Выбрать главу

На самом деле, когда мы с Марком Олшейкером расследовали печально известное похищение Линдберга в 1932 году для нашей книги «Дела, которые преследуют нас» (The Cases That Haunt Us), нас сбивал с толку только один нюанс. Даже оказавшись на электрическом стуле в Нью-Джерси, Бруно Рихард Гауптман отказался признаться в похищении и убийстве ребенка, Чарли Линдберга – младшего, или даже в малейшей степени своего участия в этом преступлении. Мы без всяких сомнений определили, что Гауптман причастен к злодейству. Хотя, в отличие от многих других, кто рассматривал это печально известное дело на протяжении многих лет, мы убеждены, что он не мог действовать в одиночку. Однако он продолжал настаивать на своей невиновности и утверждать, что ничего не знал о преступлении. Даже когда ему предложили заменить смертную казнь пожизненным заключением, если он пойдет на сотрудничество со следствием и назовет имена сообщников. Он пошел на казнь, стойко сохраняя свою позицию.

Когда мы тщательно составили поведенческий профиль Гауптмана, то пришли к выводу, что его мотивация исходила из личной жесткости и представлений о чести. Гауптман предпочел скорее умереть, чем жить и оставить свою семью, жену и маленького сына, со стыдом (и, возможно, финансовыми проблемами, связанными с этим) признавшегося убийцы.

У Роджера Коулмана не было никакого стимула, чтобы сделать такой выбор. Он не собирался заключать сделку о признании вины или смягчать свой смертный приговор тем, что стал бы «говорить правду». Он крестился в тюрьме, и его капеллан сказал, что этот человек серьезно относится к своей вере, поэтому его последнее заявление чрезвычайно обеспокоило всех, кто заботится о справедливости.

Споры о Коулмане не утихли. «Я обещал Роджеру Коулману, в ночь, когда его казнили, сделать все, что в моих силах, чтобы доказать его невиновность, – объявил Макклоски. – Это были мои последние слова умирающему».

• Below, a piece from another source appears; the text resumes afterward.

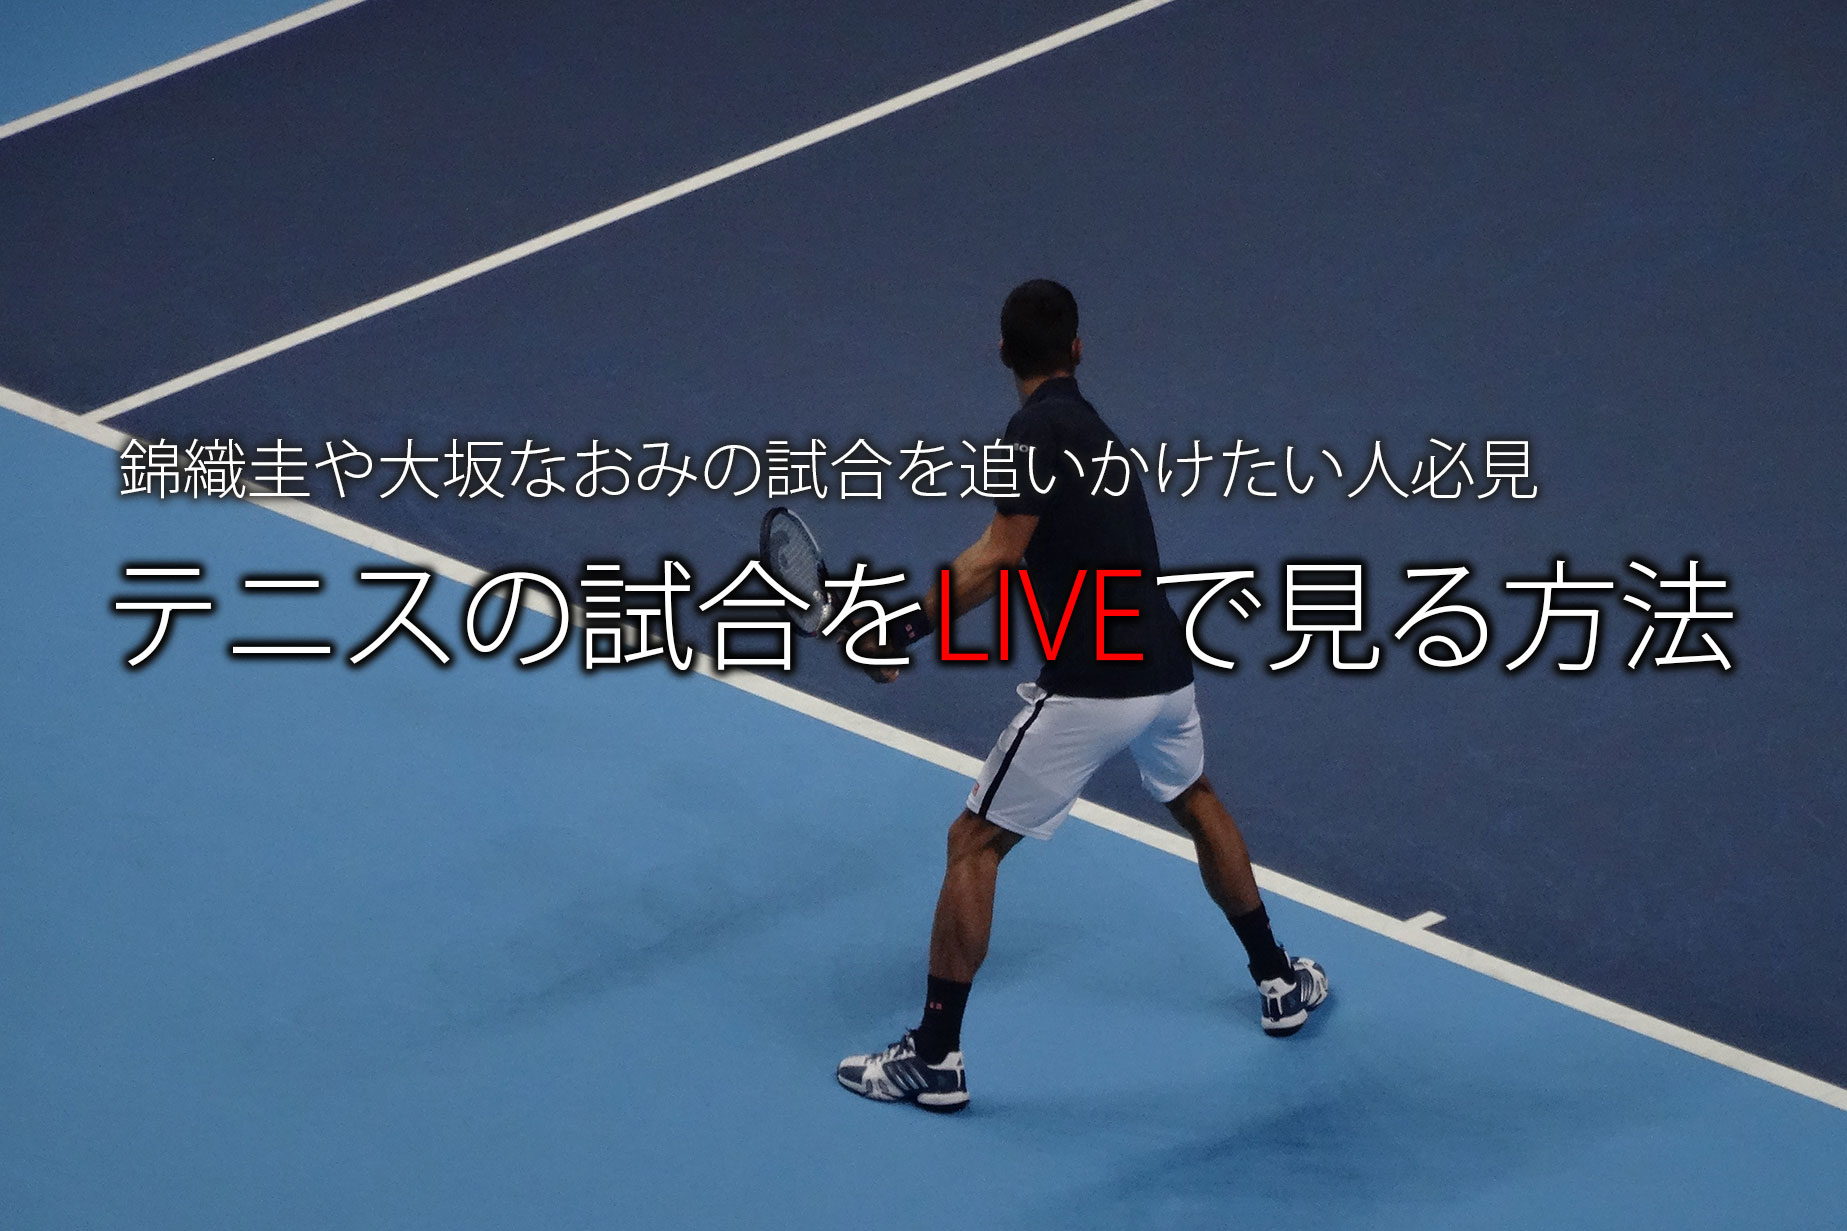 テニス 錦織圭や大坂なおみの試合中継を見る方法 無料観戦あり ココロノブログ

Он сдержал свое слово. Он исследовал утверждения о том, что другой человек в Гранди признался в убийстве Ванды Маккой, и настаивал на том, чтобы были повторно проведены исследования оставшихся образцов жидкости, потому что технология исследования ДНК с тех пор далеко продвинулась вперед. Генеральная прокуратура Вирджинии в лице прокурора Джерри Килгора упорно сопротивлялась проведению этих исследований.

«Власть штата постоянно твердит гражданам, что нам нужна смертная казнь, – заявил представитель “Центурион Министрис”. – Общественность имеет право знать, правильно ли это».

Килгор возразил, что дело рассматривалось в судах более десяти лет и «Доктрина окончательности» требует, чтобы в итоге процесс завершился: «Нам нужен окончательный приговор. Мы в Вирджинии уверены, что Роджер Коулман совершил преступление и был наказан должным образом».

Организация «Центурион» при поддержке четырех газет, в том числе Washington Post, обратилась в Верховный суд Вирджинии с ходатайством перепроверить доказательства, полученные при анализе ДНК. Суду потребовалось больше года, чтобы ответить отказом. Затем последовало обращение к губернатору Марку Уорнеру за аналогичным распоряжением. Уорнер, еще один сторонник смертной казни и демократ, также ответил не сразу, но, судя по всему, его адвокаты серьезно занялись этим вопросом.

К тому времени дело Коулмана стало ключевым в этической и правовой борьбе вокруг высшей меры наказания, а его призрак не давал покоя множеству общественных дискуссий. Аболиционисты считали, что если бы они смогли получить материальные доказательства казни одного невиновного человека, вся моральная опора аргументов в пользу казни разбилась бы вдребезги.

Наконец, 6 января 2006 года, когда Уорнер собирался покинуть свой пост (губернаторы Вирджинии ограничены одним сроком), он объявил, что заказал повторное тестирование образцов жидкости с места убийства Ванды Маккой. Неясно, поддался ли он давлению общественности или искренне хотел узнать раз и навсегда, могла ли Вирджиния совершить ужасную судебную ошибку. Самым простым и искренним объяснением этого поступка, вероятно, является то, что Уорнер сказал Энтони Бруксу с Национального общественного радио (NPR): «Если у нас есть доступ к правде, давайте разберемся с этим. Давайте выясним, что есть правда, так или иначе».